Despite Emma’s skilled needlework and best attempts, there had been no saving my pink dress after its unfortunate encounter with the garden wall. When I told her I would begoing to the ball that evening after all, I expected to be wearing an older dress that had been languishing in a chest with no events to be seen at. I hadn’t minded the idea, but instead Emma’s smile had been knowing and indulgent.

“I think I have just the thing for you to wear,” she said, evidently part of a conspiracy.

The dress she retrieved was a soft lilac, with embroidered white vines trailing around the hem. It had more of the old Grecian style that most dresses were starting to move away from, but the colour was subtle and romantic, just far enough away from white for it not to be seen as outdated.

“Whose dress is this?” I asked. I hadn’t bought a new one in months, not since before I met Kitty.

“Yours,” Emma admitted. “I told Mr. Darcy that I couldn’t mend the one that got damaged, and he insisted it was to be replaced. The design was mostly Mrs. Darcy’s input. They wanted it to be kept a secret until you felt ready to go to a ball, so you wouldn’t feel you had to go just to wear it.”

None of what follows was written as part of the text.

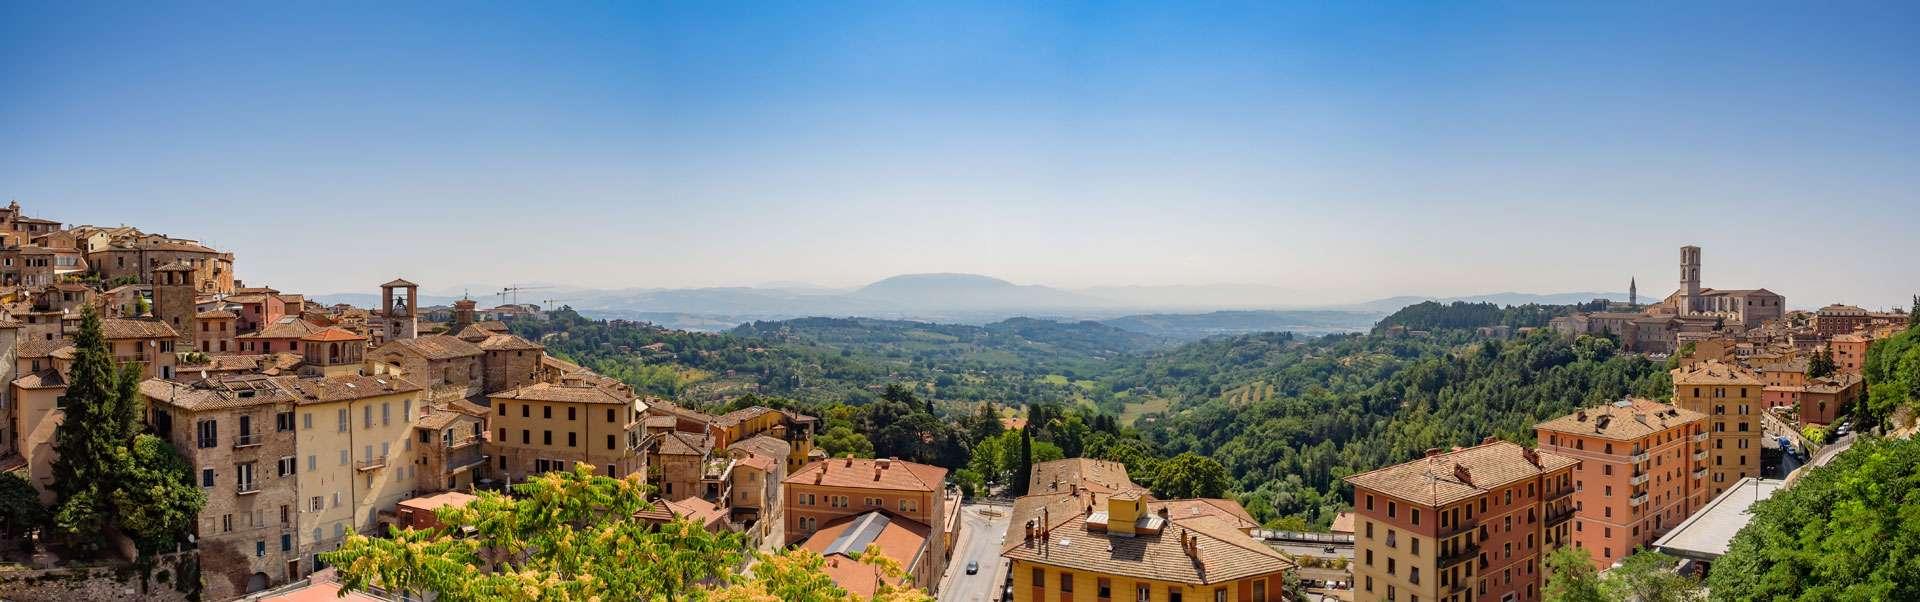 Why Umbria Should be your Next Destination

“It’s beautiful,” I said. It was understated and quiet, but elegant enough to give me that extra spark of confidence I needed to walk into a room full of veritable strangers.

“And I do believe I have the perfect feather in a matching shade of—”

“No!” I laughed. “Still no feathers.”

Emma held up her hands in defeat, before ushering me over to sit down so she could start attempting to persuade my hair into respectability. She smiled at me in the mirror, squeezing my shoulder.

“Miss Bennet won’t be able to take her eyes off you,” she whispered.

I ducked my head so I didn’t have to watch my cheeks flush. I still wasn’t used to anyone being so openly approving of my relationship with Kitty. Emma had taken it all in her stride when I had told her the entire story, and she had become one of my most enthusiastic supporters. If she hadn’t, I suspected my brother might have seen to it that she was seeking new employment.

Emma’s work was, as always, perfect. My hair was tamed and out of the way; my cheeks and lips were darkened with just enough rouge to make someone doubt themselves if they thought it was there, but enough to bring colour to my face. She was meticulously twisting a curl back into place when someone knocked on the door. I expected Elizabeth to be standing there, or perhaps Kitty. Instead, when Emma swung open the door, my brother waited in the doorway.

“Some of the guests have started to arrive,” he said. “If you’re ready to go downstairs, I thought you may be desirous of an escort. I am told I have rather a repellent effect on presumptuous men wishing to try their luck with my sister.”

My reply came almost too fast. “Yes. Please.”

No doubt my latent fear was clear to Darcy, but he was good enough not to mention it directly. Instead he waited patiently while Emma fussed with my dress, brushing off invisible pieces of fluff and rearranging the drapes of my skirt as if I wouldn’t disturb them with the first step I took. Eventually she squeezed my hands and took a step back.

“Come back safe tonight,” she ordered, as if I weren’t simply going downstairs in my own house. There was something serious in her eyes.

“She will,” Darcy said, both firm and reassuring. “I’ll make sure of it.”

Considering the outcomes of the last two balls I’d attended, the level of concern from them both seemed fair.

Darcy held out his arm, and I gratefully took it, holding on just a little too tight.

“No one will say a word to you that you don’t want to hear,” he assured me as he led me through Pemberley’s corridors. “This is your home, and you are safe here.”

They were such simple words, but they still meant so much, even though he’d been taking the opportunity to say them as often as possible. I relaxed my grip on Darcy’s arm, not wanting to repay him by cutting off the circulation to his hand. I focused on his words as the noise of the ball got louder.